A weakness of OpenMP is that it is trying to serve too broad a market. On one hand, you have HPC experts trying to squeeze every FLOP on large systems because of system cost and on the other, millions of programmers happy with relatively small gains on modest sized systems that are virtually free. In catering to both, we may end up catering to neither. The expert wants total control of where threads are running and what they are doing. The ordinary user is blissfully ignorant. Thread id’s are another specific example of the dichotomy – I wish we could do away with them.
The language needs to improve in its expressive power, in its error handling, in coexisting with other threading models, for C++ support. The current OpenMP library has only the very basics necessary – programmers need to build upon these basics to get anything done. The library should be usable out of the box without having to build upon it.
Michael: If you could start again from scratch in designing OpenMP, what would you do differently?
Michael: Are there any specific tools you would like to recommend to people who want to program in OpenMP? IDEs? Editors? Debuggers? Profilers? Correctness Tools? Any others?
The multiple run comparison feature of Thread Profiler for OpenMP (GuideView) is also very powerful for performance tuning. It lets you dive to individual parallel regions and the sequential regions between parallel regions and understand the scaling and non-scaling behavior at this level. There are other performance profilers out there from Bernd Mohr, Al Malony and others that have also become quite good at OpenMP.
Michael: Please share a little advice on how to get started for programmers new to OpenMP! How would you start? Any books? Tutorials? Resources on the internet? And where is the best place to ask questions about it?
Look at how Thread Checker can be used to add parallelism very quickly. I follow a very simple recipe:
- Get sequential program correct.
- Identify loops I want to parallelize via profiling.
- Eyeball the loop to identify obvious private objects and use as much language specific scoping (or the private clause for Fortran).
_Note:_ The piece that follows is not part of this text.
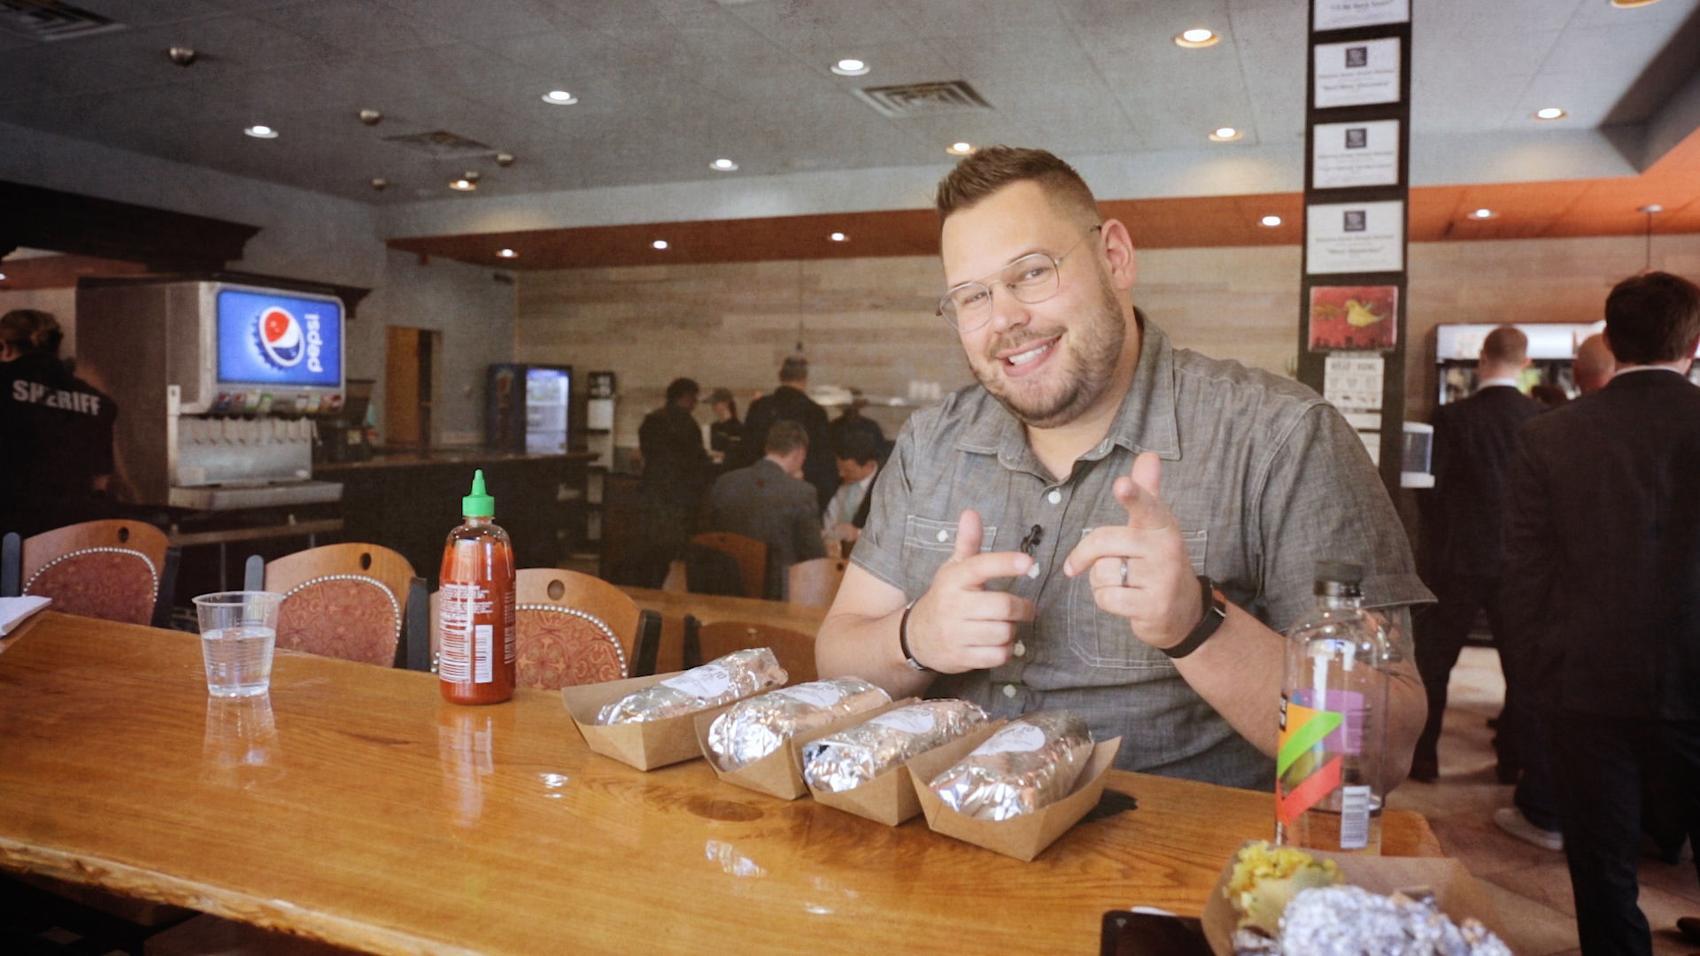 LNP - Lancaster Online, The Food Dude

- Use parallel for and Thread Checker to get a worklist of remaining work!
Its that simple. People including myself have parallelized million like apps using this simple recipe.
Michael: What is the worst mistake you have ever encountered in an OpenMP program?
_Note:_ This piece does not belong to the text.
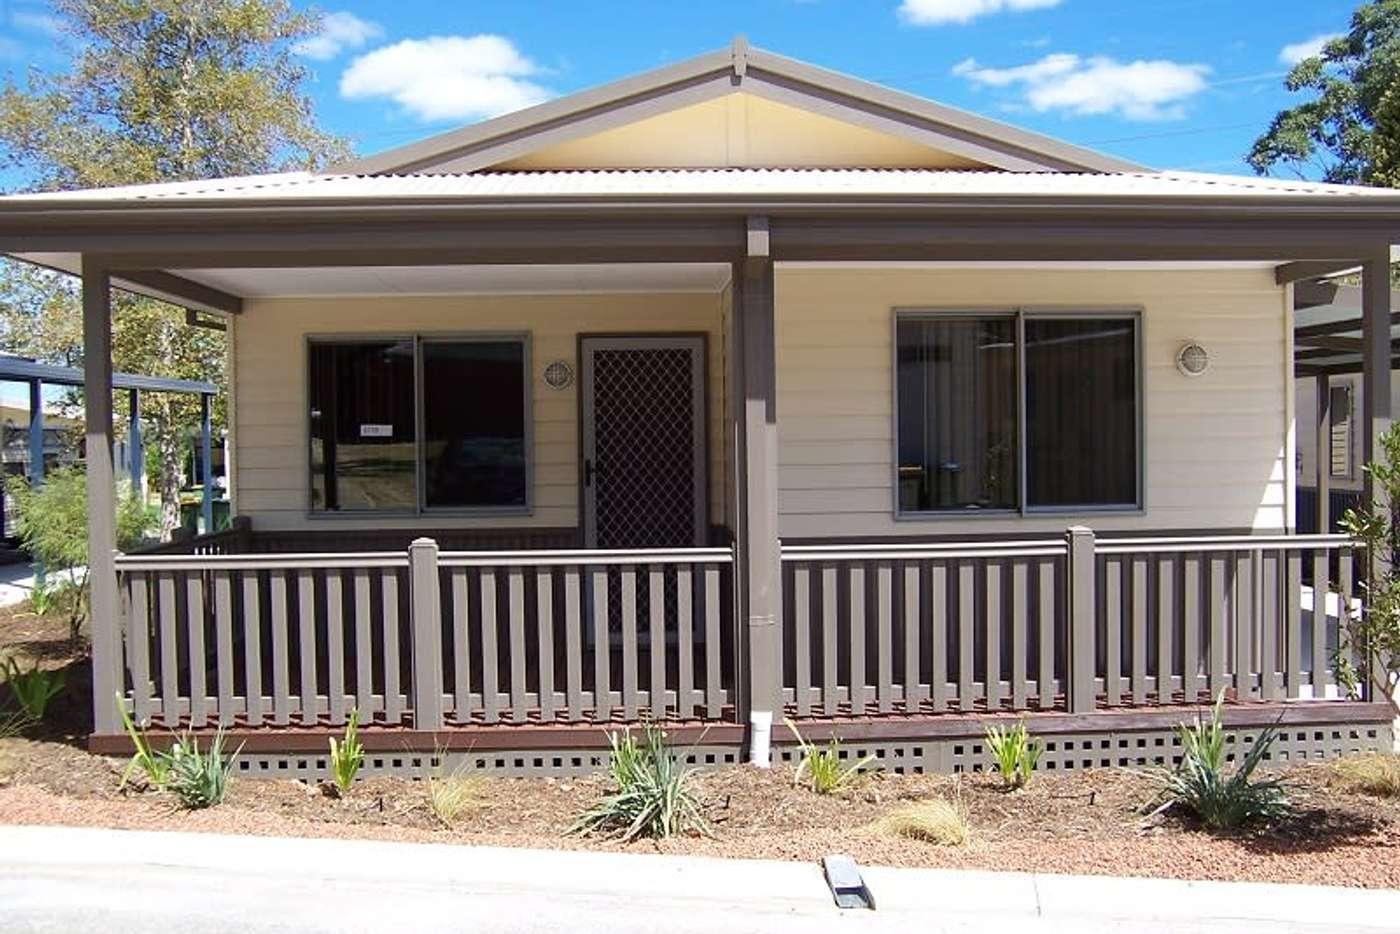 Main view of Homely house listing, 219/91 Benara Road, Caversham WA 6055

I would be remiss if I didn’t point out that sometimes it is very important to parallelize such loops to get or preserve side effects. For example, on NUMA systems, people parallelize such loops for the memory allocation side effect (due to first touch allocation policy). And when data is already spread out among different threads, it pays to keep the data spread by paralleling fine grained loops, even if it costs a little overhead.
Michael: Thank you very much for the interview!